Are you rich? Then yes. If you're not rich, then you need to suffer and struggle for needing to use valuable resources that could be used on people more deserving; like the wealthy.
It's not that they're hoarding scarce healthcare resources so they're available for the wealthy. They could provide care for everyone, but then the system wouldn't run at the desired profit level.
To be fair, neither party was going to pull the trigger on Medicare For All. We're not getting universal healthcare until the working class stops letting wedge issues divide it.
You can get whatever you want, but you have a $37,849.45 bill because you used the wrong door.
See, that door you used was operated by Attenya Healathus, not the Hospital, which is operated by Wellmeat (formerly Agape Plalauthis) so your care was not covered.

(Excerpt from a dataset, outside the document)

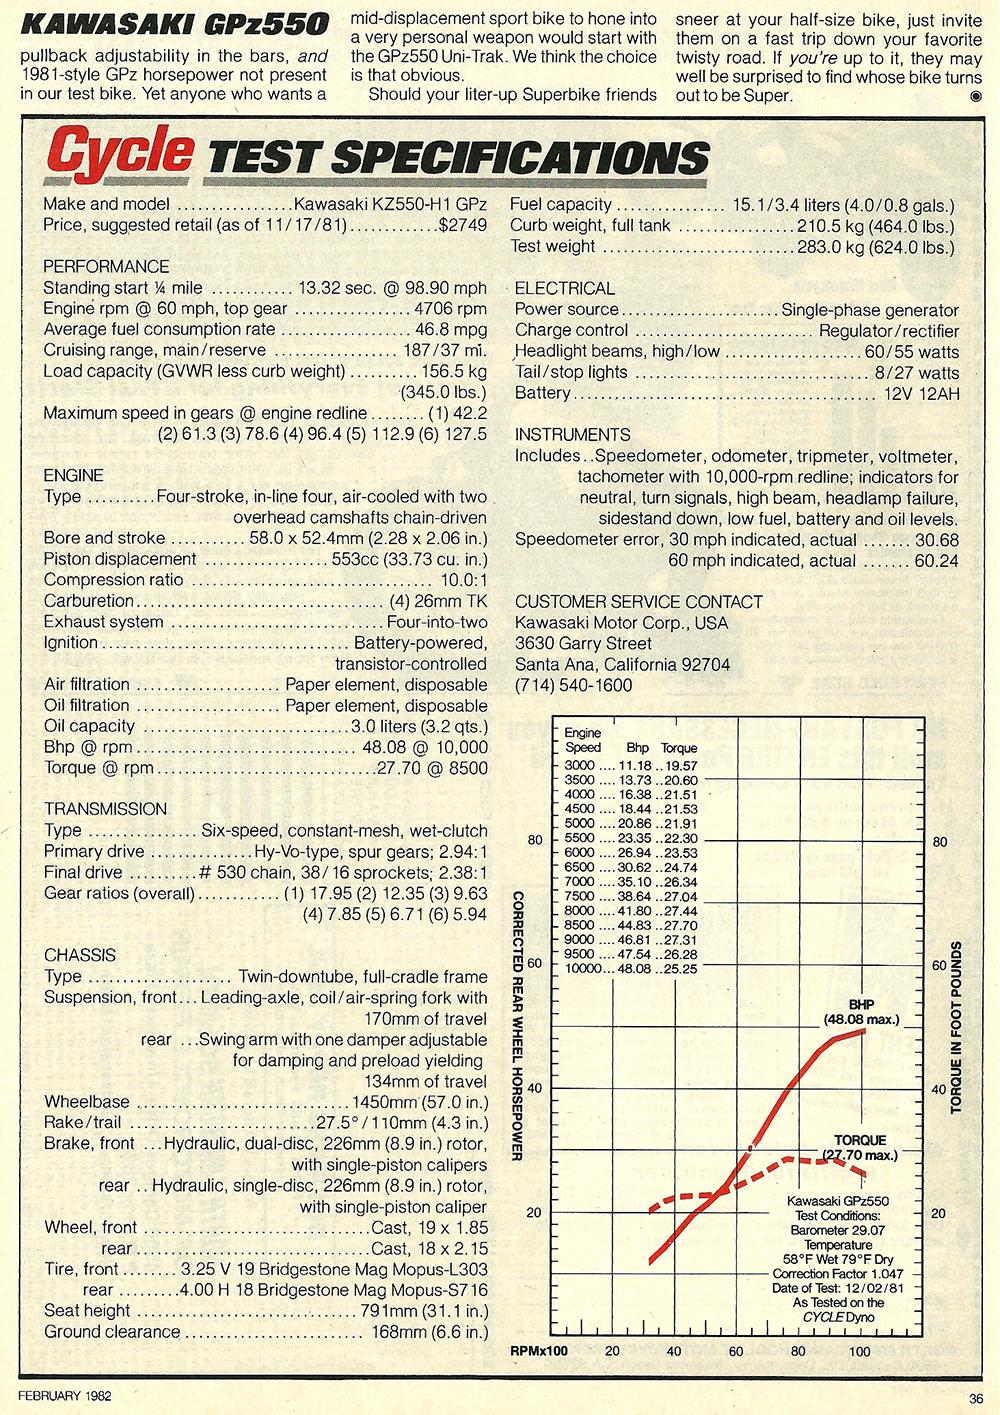 1982 Kawasaki GPz550 road test 08.jpg

If you had entered through the door (as outlined in your EOB) to the right, it would’ve only been an $800 copay for your splinter removal.
Oh ya, you can get care. And then you fight with insurance about whether or not that was the right doctor to use or if it was really necessary in the first place. But insurance won't talk to the hospital and the hospital won't talk to insurance so you have to talk to each of them in turn while waiting on hold every time. It's a wonderful system.

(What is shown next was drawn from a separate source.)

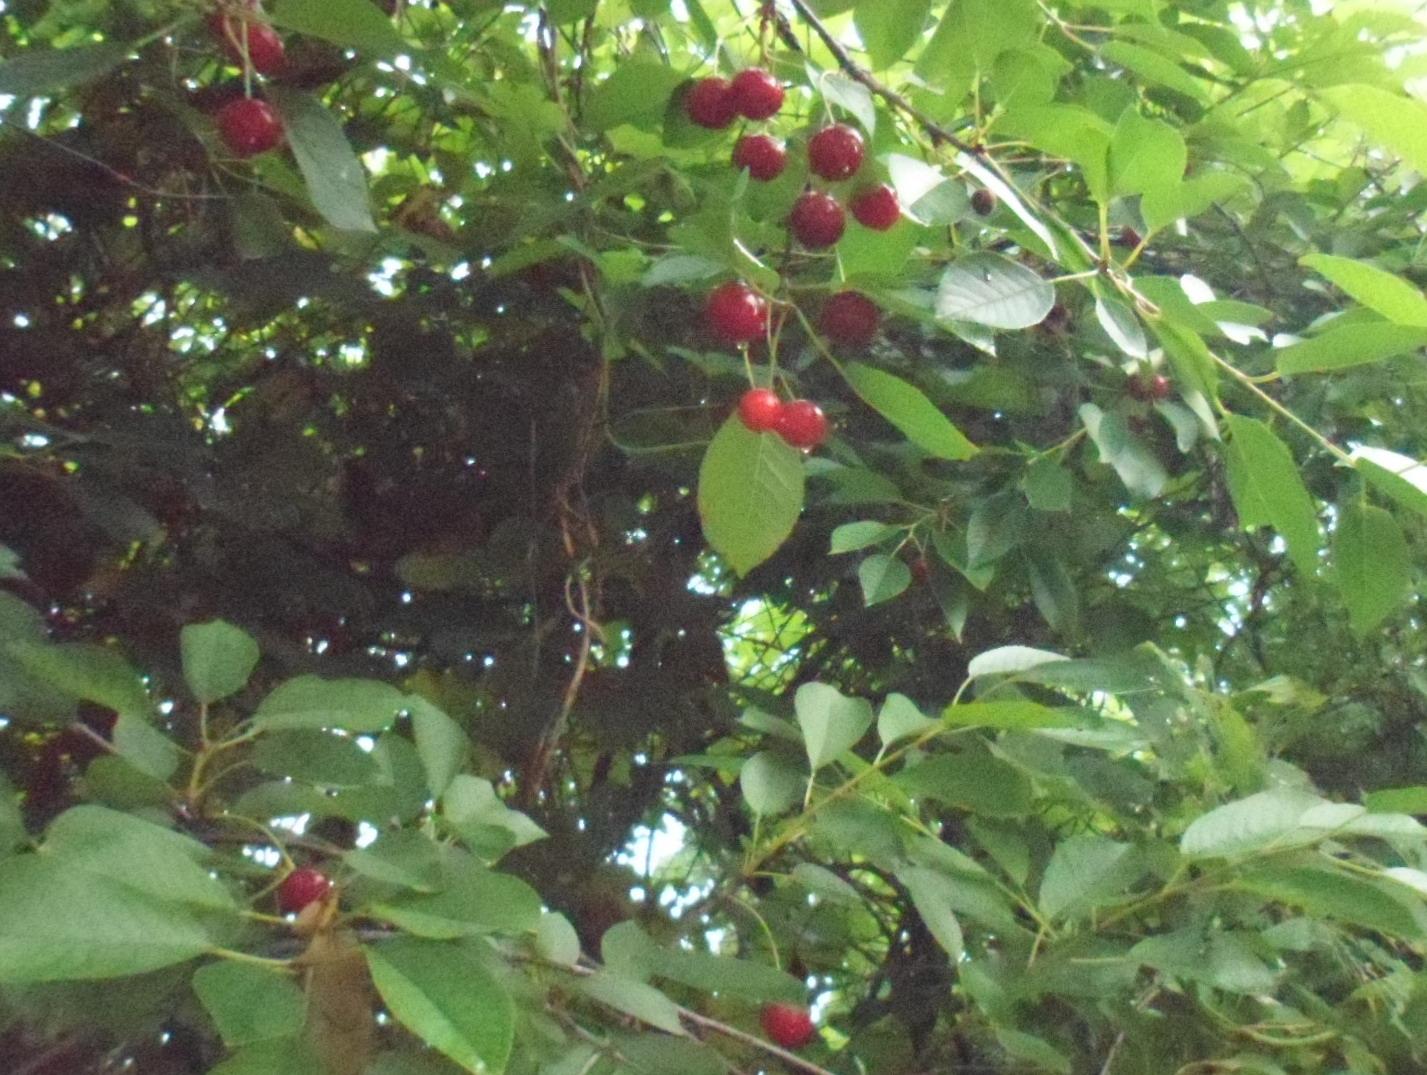 Сливо-вишнёвый гибрид, или вишнеслива — Сады Сибири

And your doctor will have to fight with the insurance company over the phone for an hour to do a pre-auth. When my doctor wants to perform something or give a certain treatment not covered, he assures me he will make this long and stressful call. I really wonder what they are discussing and what goes on in these conversations...
What doctor has time to do that? I'm in Canada and I can never trust my doctor to have any conversation with anyone, at any time longer than five minutes at a time for anything.
The best tactic I've found if you want to get anything done for yourself or someone close to you is for you to do the legwork and make calls, contacts and literally hound people to do their job. If no one is there to push things along, no one is going to magically appear to help you ... that is a fantasy that seldom and rarely happens, even in our publicly funded system.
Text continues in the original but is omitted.